I'm even more comfortable with the notion that such constraints should be mandatory where, due to the non-performance of a business, a government has decided to hand it assistance in the form of taxpayers' funds, in particular where the business plans to downsize its workforce at the same time.
Bluescope Steel is a classic recent example such a situation, where the company delivered a $1 billion dollar + loss, publicly announced that it was going to retrench 10,000 employees, was immediately offered a $100 million taxpayer funded gift by the federal government to "help them along", whilst deciding it would be a great idea to reward its CEO by paying him a bonus of $750,000 & his top 12 executives further bonuses of up to $3 million!!
This is an example of how bad our "system" has become ... "one where profits are privatised & losses are now socialised" & we just accept it.
Time to require our "fearless leaders" to stop the rorting of both shareholders & taxpayers by licensed bushrangers, going under a phoney guise of a "management elite".
a deep malaise ....
Vince Cable has welcomed a report which claims that executive pay is so over-the-top at some British companies that it is "deeply corrosive" to the economy.
"When pay for senior executives is set behind closed doors, does not reflect company success and is fuelling massive inequality, it represents a deep malaise at the very top of our society," says Deborah Hargreaves, chair of the High Pay Commission which published the report.
The report was paid for by a left-wing think tank, Compass, but according to The Guardian the Business Secretary's blessing means some of the recommendations could be picked up by the Government early next year.
Among them are:
The report gives specific examples of rocketing executive pay. In 1979, the senior executive at BP earned 16.5 times what the average employee earned. Today, he earns 63 times the average. At Barclays, top pay is now 75 times that of the average worker, while in 1979 the ratio was 14.5.
The report explodes the myth that high pay is necessary to prevent a talent drain. It observes that only one FTSE-100 chief executive was poached in five years - and this person went to another British company.
The Guardian says the Liberal Democrats are taking the High Pay Commission's report seriously. "Put it this way, this report is not going to be kicked into the long grass," said a party source.

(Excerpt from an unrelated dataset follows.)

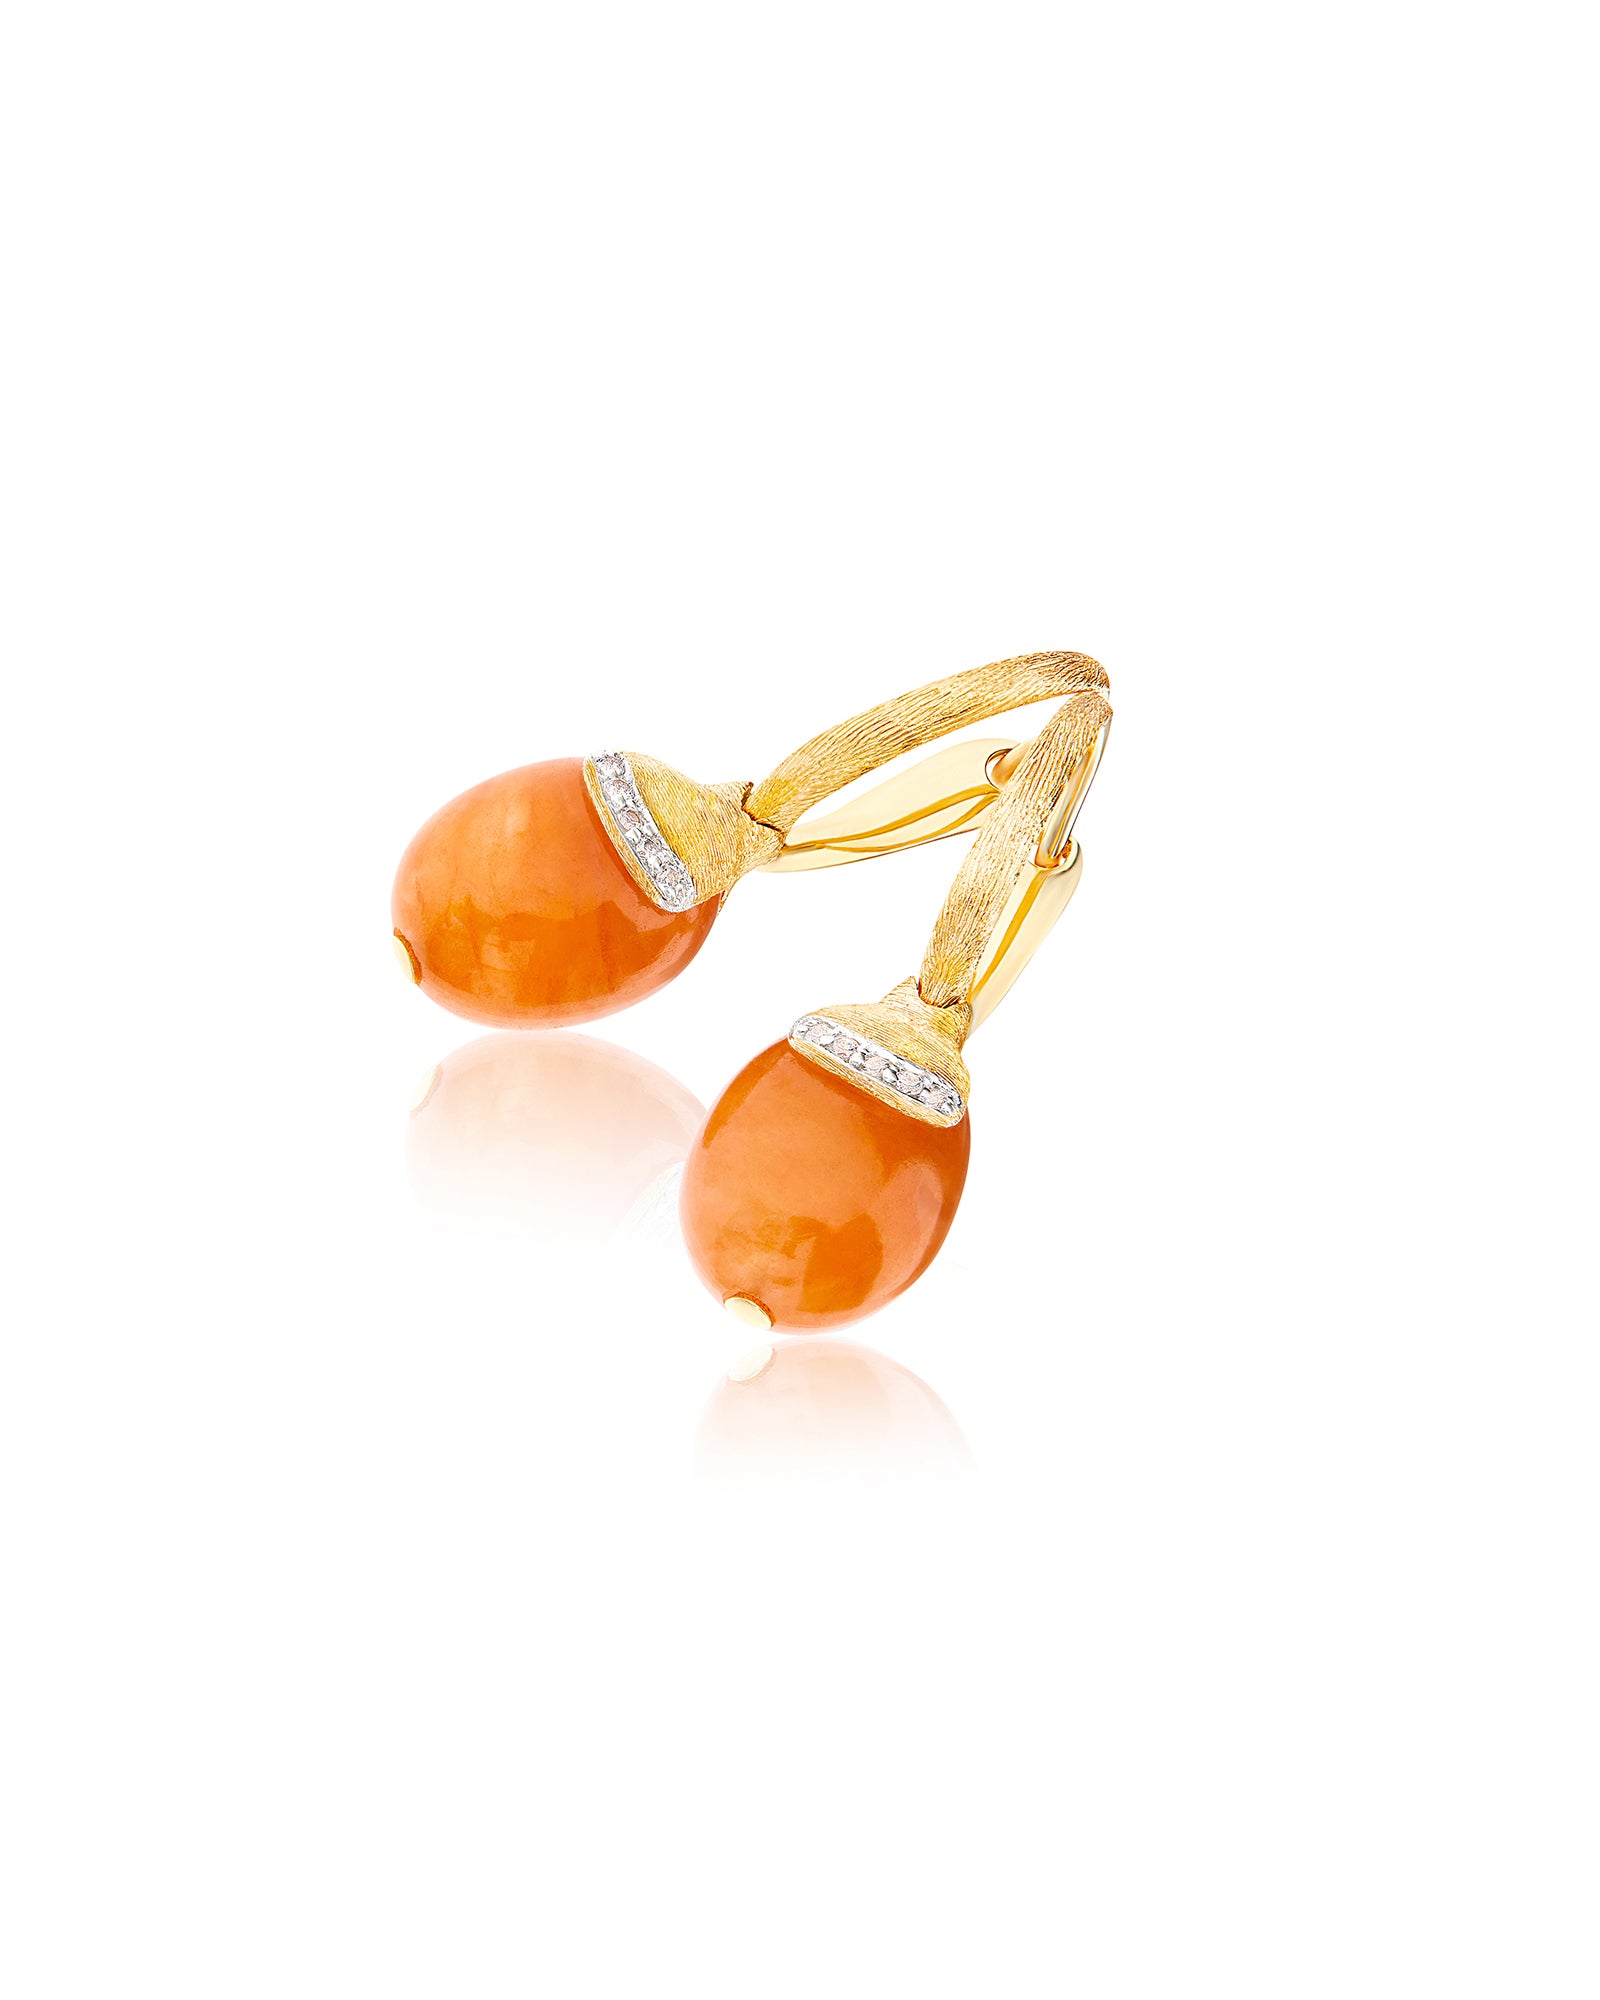 Nanis PETRA "AMULETS" CILIEGINE GOLD AND ORANGE AVENTURINE BALL DROP EARRINGS WITH DIAMONDS DETAILS (SMALL) OS11-603

Cable is reportedly keen to introduce legislation next year to curb excessive pay. "Many of the options we are consulting on are reflected in the High Pay Commission's final report," he said. A government consultation on the subject is due to end on Friday. ·
http://www.theweek.co.uk/uk-business/executive-pay/42868/cable-welcomes-report-which-slams-excessive-executive-pay?utm_campaign=theweekdaily_newsletter&utm_medium=email&utm_source=newsletter
tipping point .....
Australia’s richest 1 per cent are grabbing a greater share of national income than at any time since the 1950s.
A new OECD report finds that Australian incomes were most evenly distributed at the end of the 1970s, when the top 1 per cent of earners took home 4.8 per cent of the income. Since the early '80s that proportion has climbed to 8.8 per cent, meaning Australia's top earners amass for themselves nine times as much income as if it was distributed evenly.
In almost all of the OECD countries surveyed income inequality was at its highest before World War I and fell sharply during World War II.
But whereas income inequality has remained low in mainland European countries and Japan since bottoming in the '70s, it has climbed since the '80s in the US, Australia, Canada, Ireland and Britain.
The surge has been dramatic in the US, which gave its top 1 per cent about 8 per cent of the national income at the turn of the 1980s and 18 per cent in the most recent reading.
Australia also stands out for how quickly all ranges have grown. Between the mid-1980s and the late 2000s the income enjoyed by the top 10 per cent of households has soared 4.5 per cent per year in real terms, more than in any other OECD member.
Income earned by the bottom 10 per cent has climbed 3 per cent per year, also one the fastest rates in the OECD.
But the compounding effect of the different rates has opened up a very wide income gap. A family taking home $30,000 in the mid-1980s would be earning $68,000 today if income had grown 3 per cent per year. A family earning $30,000 enjoying a 4.5 per cent rate of growth would be earning $103,000 today.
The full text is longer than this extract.